Re: writing output files in hadoop streaming

Posted by John Heidemann <jo...@isi.edu>.

On Tue, 15 Jan 2008 09:09:07 PST, Ted Dunning wrote: 
>
>Regarding the race condition, hadoop builds task specific temporary
>directories in the output directory, one per reduce task, that hold these
>output files (as long as you don't use absolute path names).  When the
>process completes successfully, the output files from that temporary
>directory are moved to the correct place and the temporary task-specific
>directory is deleted.  If the reduce task dies or is superceded by another
>task, then the directory is simply deleted.  The file is not kept in memory
>pending write.
>
>I am curious about how to demarcate the image boundaries in your current
>output.  Hadoop streaming makes the strong presumption of line orientation.
>If that isn't valid for your output, then you may have a program that is
>only accidentally working by finding line boundaries in binary data.  In
>particular, you may someday have a situation where some of the data has one
>kind of line boundary that is recognized, but on output the corresponding
>boundary is generated in a different form.  For instance, if your program
>sees CR-LF, it might take the pair as a line boundary and emit just LF.
>Even if this is not happening now, you may be in for some trouble
>later.

I think Yuri left out a bit about what we're doing.
He wasn't clear about what files we're talking about writing.
Let me try to clarify.

As context, all this is in Hadoop streaming.

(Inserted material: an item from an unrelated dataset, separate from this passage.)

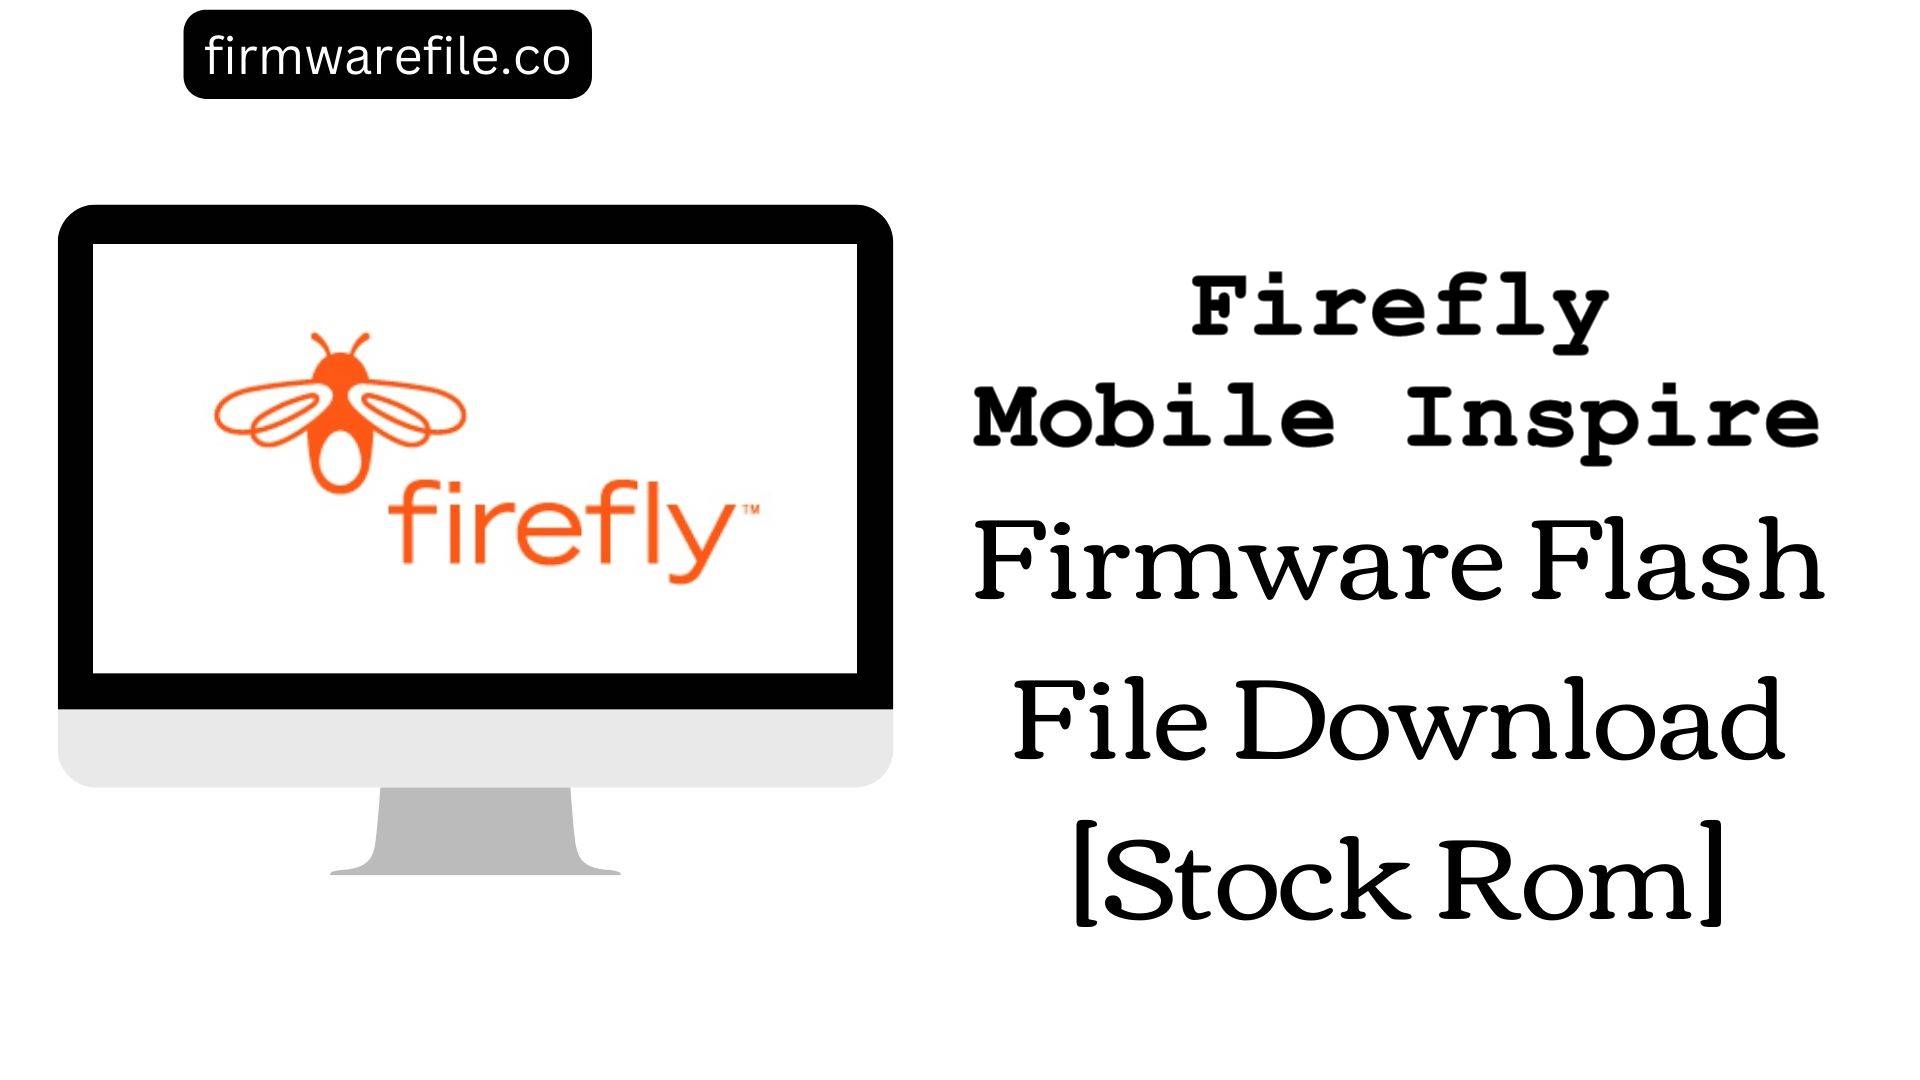 Firefly Mobile Inspire

Here's one way, the "side-effect way" (this is what we're doing now):

In principle, we'd like to not ouptut ANYTHING to stdout from streaming.
Instead, we create new files somewhere in the shared Unix filespace.
Basically, these files are side-effects of the map/reduce computation.

This approach is described in Dean & Ghemawat section 4.5
(Side-effects), with the caveat that the user must be responsible for
making any side-effect atomic.

Our problem is, I think, that duplicated reducers scheduled for
straggler elimination can result in extra, partial side-effect files.
We're trying to figure out how to clean them up properly.

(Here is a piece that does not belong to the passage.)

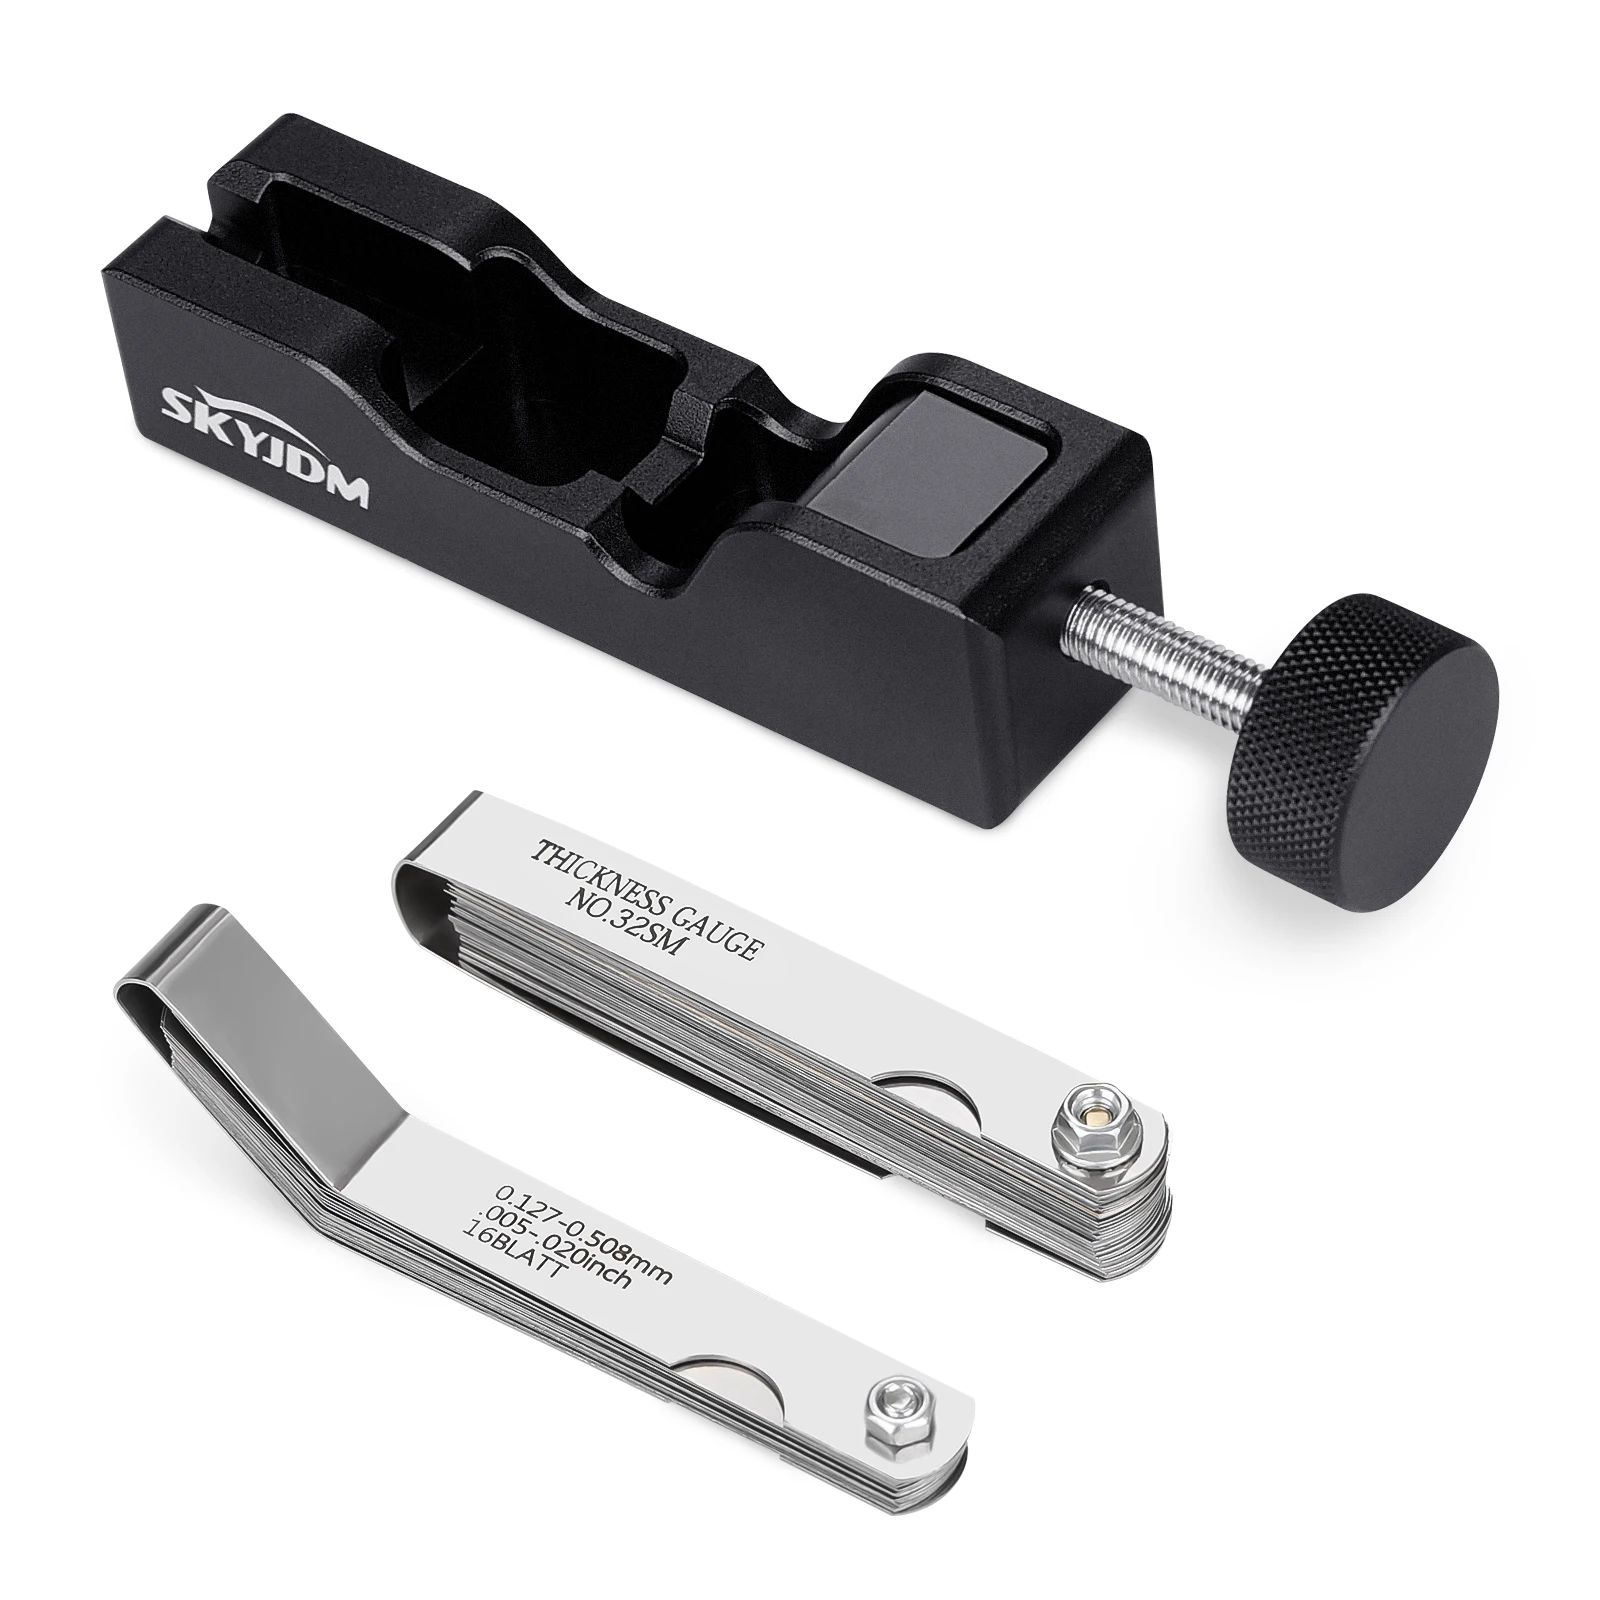 

Universal Spark Plug Gap Tool Spark Plug Caliper With Feeler Gauge For Most 10mm 12mm 14mm 16mm Gap Adjustment Tool Accessories

Currently it seems that prematurely terminated reducers (due to cancled
straggler elimination jobs) are not told they are terminated.  They just
get a SIGPIPE because their write destination goes away.

This prompted Yuri's first question:

>>>> 1. Is there an easy way to tell in a script launched by the Hadoop
>>>>    streaming, if the script was terminated before it received complete
>>>>    input?

To me, it seems that cancled jobs should get a SIGTERM or SIGUSR1 so
they can catch and cleanup properly.  Otherwise there seems to be no
clean way to distinguish a half-run job from a fully run job that
happens to have less input.  (I.e., no way for our reducer to do a
commit or abort properly.)

(It would be nicer to send an in-band termination signal down stdin, but
I don't think a streaming reducer can do that.)

So what do the Hadoop architects think about side-effects and recovering
from half-run jobs?  Does hadoop intend to support side-effects (for
interested users, obviously not as standard practice)?  If we were in
Java would we get a signal we could use to do cleanup?

What do that Hadoop streaming people think?  Is this just a bug that
streaming is not propagating a signal that appears in Javaland?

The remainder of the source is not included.